**TASK INSTRUCTIONS:**
Please restate each entry exactly, without skipping any.

Records from a data source
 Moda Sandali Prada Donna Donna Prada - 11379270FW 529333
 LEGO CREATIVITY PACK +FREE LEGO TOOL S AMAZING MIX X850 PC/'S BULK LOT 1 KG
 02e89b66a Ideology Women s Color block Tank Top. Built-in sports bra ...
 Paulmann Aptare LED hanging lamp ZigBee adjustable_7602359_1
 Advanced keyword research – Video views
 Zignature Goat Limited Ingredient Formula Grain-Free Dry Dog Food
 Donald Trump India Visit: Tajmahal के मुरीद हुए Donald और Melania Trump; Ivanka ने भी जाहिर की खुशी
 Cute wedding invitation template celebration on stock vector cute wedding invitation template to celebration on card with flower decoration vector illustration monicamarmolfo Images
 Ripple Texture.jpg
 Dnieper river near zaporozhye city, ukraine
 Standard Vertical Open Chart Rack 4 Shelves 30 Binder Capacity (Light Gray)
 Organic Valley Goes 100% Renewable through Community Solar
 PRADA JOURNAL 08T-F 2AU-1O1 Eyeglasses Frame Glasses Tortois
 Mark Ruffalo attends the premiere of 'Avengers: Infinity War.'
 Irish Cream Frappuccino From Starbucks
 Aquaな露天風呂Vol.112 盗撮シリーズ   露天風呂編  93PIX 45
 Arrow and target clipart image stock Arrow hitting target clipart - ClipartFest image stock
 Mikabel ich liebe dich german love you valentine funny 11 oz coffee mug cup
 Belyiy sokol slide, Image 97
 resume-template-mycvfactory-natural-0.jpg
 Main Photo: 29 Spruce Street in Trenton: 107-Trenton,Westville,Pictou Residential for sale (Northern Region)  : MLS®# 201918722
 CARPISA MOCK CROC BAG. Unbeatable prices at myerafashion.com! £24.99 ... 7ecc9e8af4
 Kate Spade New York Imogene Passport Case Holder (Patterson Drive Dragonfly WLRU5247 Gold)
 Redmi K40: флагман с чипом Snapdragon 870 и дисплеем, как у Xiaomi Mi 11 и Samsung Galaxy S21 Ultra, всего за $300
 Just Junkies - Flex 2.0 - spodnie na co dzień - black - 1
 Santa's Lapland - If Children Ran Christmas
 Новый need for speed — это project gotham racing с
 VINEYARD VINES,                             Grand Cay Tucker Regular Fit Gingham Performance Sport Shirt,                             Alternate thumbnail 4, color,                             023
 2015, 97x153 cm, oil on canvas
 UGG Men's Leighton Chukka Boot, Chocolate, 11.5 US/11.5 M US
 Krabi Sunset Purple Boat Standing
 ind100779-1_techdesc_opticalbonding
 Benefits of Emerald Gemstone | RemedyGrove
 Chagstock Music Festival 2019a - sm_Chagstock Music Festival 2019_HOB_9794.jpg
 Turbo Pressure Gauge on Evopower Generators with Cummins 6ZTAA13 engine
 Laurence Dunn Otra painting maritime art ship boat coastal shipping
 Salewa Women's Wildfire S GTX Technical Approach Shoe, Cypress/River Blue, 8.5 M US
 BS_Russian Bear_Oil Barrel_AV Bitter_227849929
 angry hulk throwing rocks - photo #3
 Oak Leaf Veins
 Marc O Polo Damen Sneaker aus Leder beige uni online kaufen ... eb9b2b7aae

**EXERCISE RESPONSE:**
 Moda Sandali Prada Donna Donna Prada - 11379270FW 529333
 LEGO CREATIVITY PACK +FREE LEGO TOOL S AMAZING MIX X850 PC/'S BULK LOT 1 KG
 02e89b66a Ideology Women s Color block Tank Top. Built-in sports bra ...
 Paulmann Aptare LED hanging lamp ZigBee adjustable_7602359_1
 Advanced keyword research – Video views
 Zignature Goat Limited Ingredient Formula Grain-Free Dry Dog Food
 Donald Trump India Visit: Tajmahal के मुरीद हुए Donald और Melania Trump; Ivanka ने भी जाहिर की खुशी
 Cute wedding invitation template celebration on stock vector cute wedding invitation template to celebration on card with flower decoration vector illustration monicamarmolfo Images
 Ripple Texture.jpg
 Dnieper river near zaporozhye city, ukraine
 Standard Vertical Open Chart Rack 4 Shelves 30 Binder Capacity (Light Gray)
 Organic Valley Goes 100% Renewable through Community Solar
 PRADA JOURNAL 08T-F 2AU-1O1 Eyeglasses Frame Glasses Tortois
 Mark Ruffalo attends the premiere of 'Avengers: Infinity War.'
 Irish Cream Frappuccino From Starbucks
 Aquaな露天風呂Vol.112 盗撮シリーズ   露天風呂編  93PIX 45
 Arrow and target clipart image stock Arrow hitting target clipart - ClipartFest image stock
 Mikabel ich liebe dich german love you valentine funny 11 oz coffee mug cup
 Belyiy sokol slide, Image 97
 resume-template-mycvfactory-natural-0.jpg
 Main Photo: 29 Spruce Street in Trenton: 107-Trenton,Westville,Pictou Residential for sale (Northern Region)  : MLS®# 201918722
 CARPISA MOCK CROC BAG. Unbeatable prices at myerafashion.com! £24.99 ... 7ecc9e8af4
 Kate Spade New York Imogene Passport Case Holder (Patterson Drive Dragonfly WLRU5247 Gold)
 Redmi K40: флагман с чипом Snapdragon 870 и дисплеем, как у Xiaomi Mi 11 и Samsung Galaxy S21 Ultra, всего за $300
 Just Junkies - Flex 2.0 - spodnie na co dzień - black - 1
 Santa's Lapland - If Children Ran Christmas
 Новый need for speed — это project gotham racing с
 VINEYARD VINES,                             Grand Cay Tucker Regular Fit Gingham Performance Sport Shirt,                             Alternate thumbnail 4, color,                             023
 2015, 97x153 cm, oil on canvas
 UGG Men's Leighton Chukka Boot, Chocolate, 11.5 US/11.5 M US
 Krabi Sunset Purple Boat Standing
 ind100779-1_techdesc_opticalbonding
 Benefits of Emerald Gemstone | RemedyGrove
 Chagstock Music Festival 2019a - sm_Chagstock Music Festival 2019_HOB_9794.jpg
 Turbo Pressure Gauge on Evopower Generators with Cummins 6ZTAA13 engine
 Laurence Dunn Otra painting maritime art ship boat coastal shipping
 Salewa Women's Wildfire S GTX Technical Approach Shoe, Cypress/River Blue, 8.5 M US
 BS_Russian Bear_Oil Barrel_AV Bitter_227849929
 angry hulk throwing rocks - photo #3
 Oak Leaf Veins
 Marc O Polo Damen Sneaker aus Leder beige uni online kaufen ... eb9b2b7aae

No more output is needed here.